Îles Canaries refusent d’accoster au MV Hondius touché par une épidémie d’hantavirus
Les Canaries refusent l’accostage du MV Hondius touché par une épidémie d’hantavirus
Les Canaries refusent l’accostage du MV Hondius, touché par un foyer d’hantavirus ayant causé trois décès; environ 150 passagers à bord, OMS: risque faible.
Le gouvernement régional des îles Canaries a interdit l’accostage du navire de croisière MV Hondius après l’apparition d’un foyer d’hantavirus à bord. Le bateau, actuellement au large du Cap-Vert, transporte environ 150 passagers originaires de 23 pays. Trois personnes sont mortes après avoir été infectées, et plusieurs cas supplémentaires sont confirmés ou suspectés. Les autorités régionales expliquent leur décision par un manque d’informations suffisantes pour garantir la sécurité publique.
Les Canaries refusent l’accostage du MV Hondius
La présidence des îles Canaries a déclaré ne pas autoriser l’entrée du MV Hondius dans un port de l’archipel. Le chef régional a demandé une réunion urgente avec le gouvernement central à Madrid pour clarifier les conditions d’accueil et les mesures sanitaires à appliquer.

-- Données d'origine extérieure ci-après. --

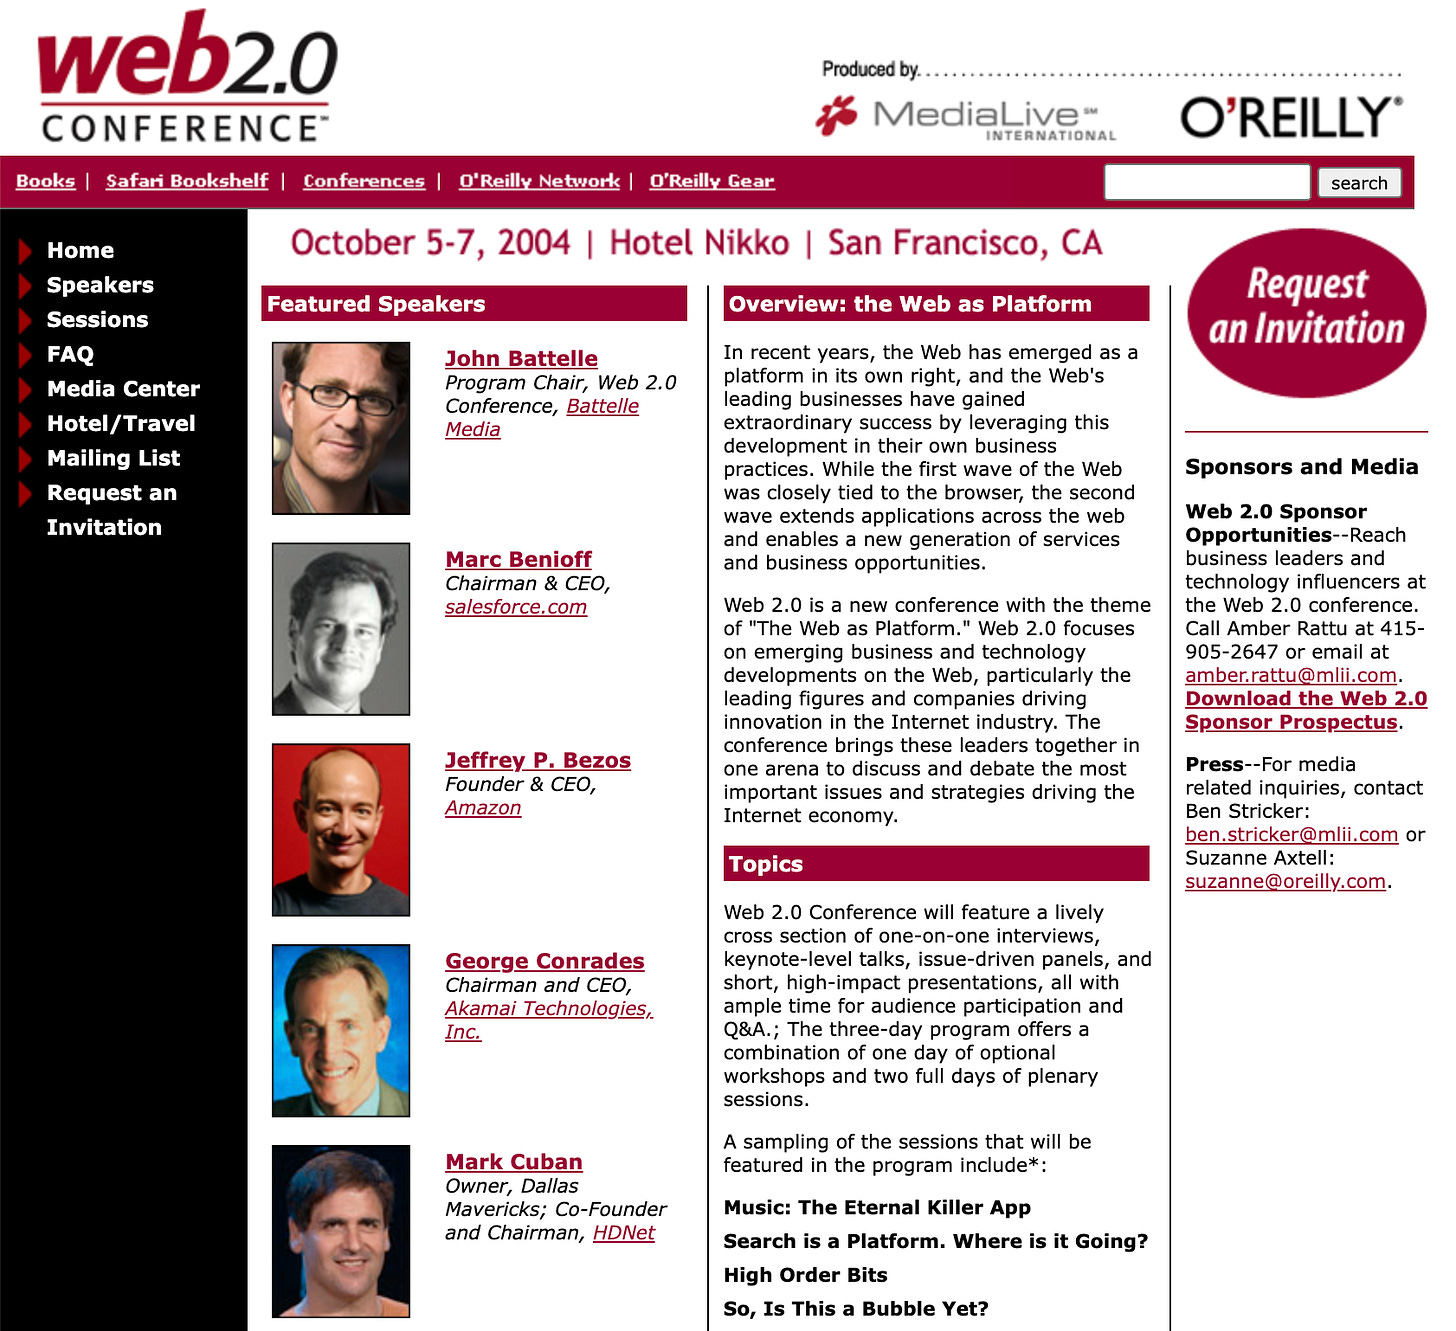 Web 2.0 Conference website, 2 June 2004

Les autorités locales estiment qu’elles ne disposent pas des garanties nécessaires pour accepter le navire sans un plan d’intervention détaillé et des informations complètes sur l’épidémie.
150 passagers confinés et trois décès confirmés
Environ 150 personnes restent à bord du Hondius, bloquées par la situation sanitaire. Trois passagers — un couple néerlandais et un ressortissant allemand — sont décédés après avoir contracté l’hantavirus; le premier décès a été signalé le 11 avril, et le corps est resté à bord jusqu’au 24 avril. Outre les décès, l’Organisation mondiale de la santé (OMS) a recensé huit cas liés au navire, dont trois infections confirmées et cinq cas suspects.
Réserves de l’exécutif régional et appel à Madrid
Les autorités canariennes invoquent la nécessité de protéger la population locale et demandent des clarifications sur les responsabilités juridiques et humanitaires. Le gouvernement régional rappelle que, bien que les obligations internationales recommandent de porter assistance aux personnes en détresse, la priorité reste la sécurité sanitaire des habitants. Le chef régional a exprimé son intention de discuter avec le Premier ministre pour obtenir des instructions précises et les ressources nécessaires en cas d’accostage.
Cas confirmés, évacuations et prise en charge médicale
L’OMS a indiqué que trois personnes suspectées d’être porteuses du virus ont été évacuées vers les Pays-Bas pour y recevoir des soins. La Suisse a confirmé qu’un de ses ressortissants à bord a contracté la maladie et est actuellement soigné à Zurich; les autorités suisses ont précisé que le patient ne présente pas de risque pour le public. Par ailleurs, en Afrique du Sud, un ressortissant britannique est traité pour la souche andine du virus, une variante qui, dans de rares cas, peut se transmettre entre humains après un contact prolongé et étroit.
Transmission, origine et historique du voyage
Le hantavirus se transmet principalement par contact avec l’urine, la salive ou les excréments de rongeurs infectés. Le Hondius avait quitté la pointe sud de l’Argentine fin mars et l’épidémie a été signalée au fur et à mesure que le navire faisait route vers le Cap-Vert. Les autorités sanitaires s’efforcent de retracer les chaines de contact à bord et de déterminer si des mesures préventives appropriées avaient été mises en place durant l’embarquement et la navigation.
OMS: risque pour le public jugé faible mais vigilance maintenue
Le directeur général de l’OMS a déclaré que le risque pour le grand public reste « faible » et a rappelé que la transmission interhumaine du hantavirus est habituellement limitée et requiert des contacts prolongés et très étroits. Malgré cette évaluation, l’organisation a demandé aux autorités concernées de faciliter l’accès à des soins et d’appliquer des protocoles de prévention et de contrôle des infections. Les recommandations comprennent l’isolement des cas confirmés, la protection des personnels soignants et la surveillance étroite des personnes ayant été en contact prolongé avec les malades.
La situation demeure évolutive: les autorités régionales des Canaries sont en discussion avec l’exécutif central pour définir une réponse coordonnée, tandis que les équipes médicales continuent la prise en charge des cas et l’évacuation des personnes nécessitant des soins spécialisés.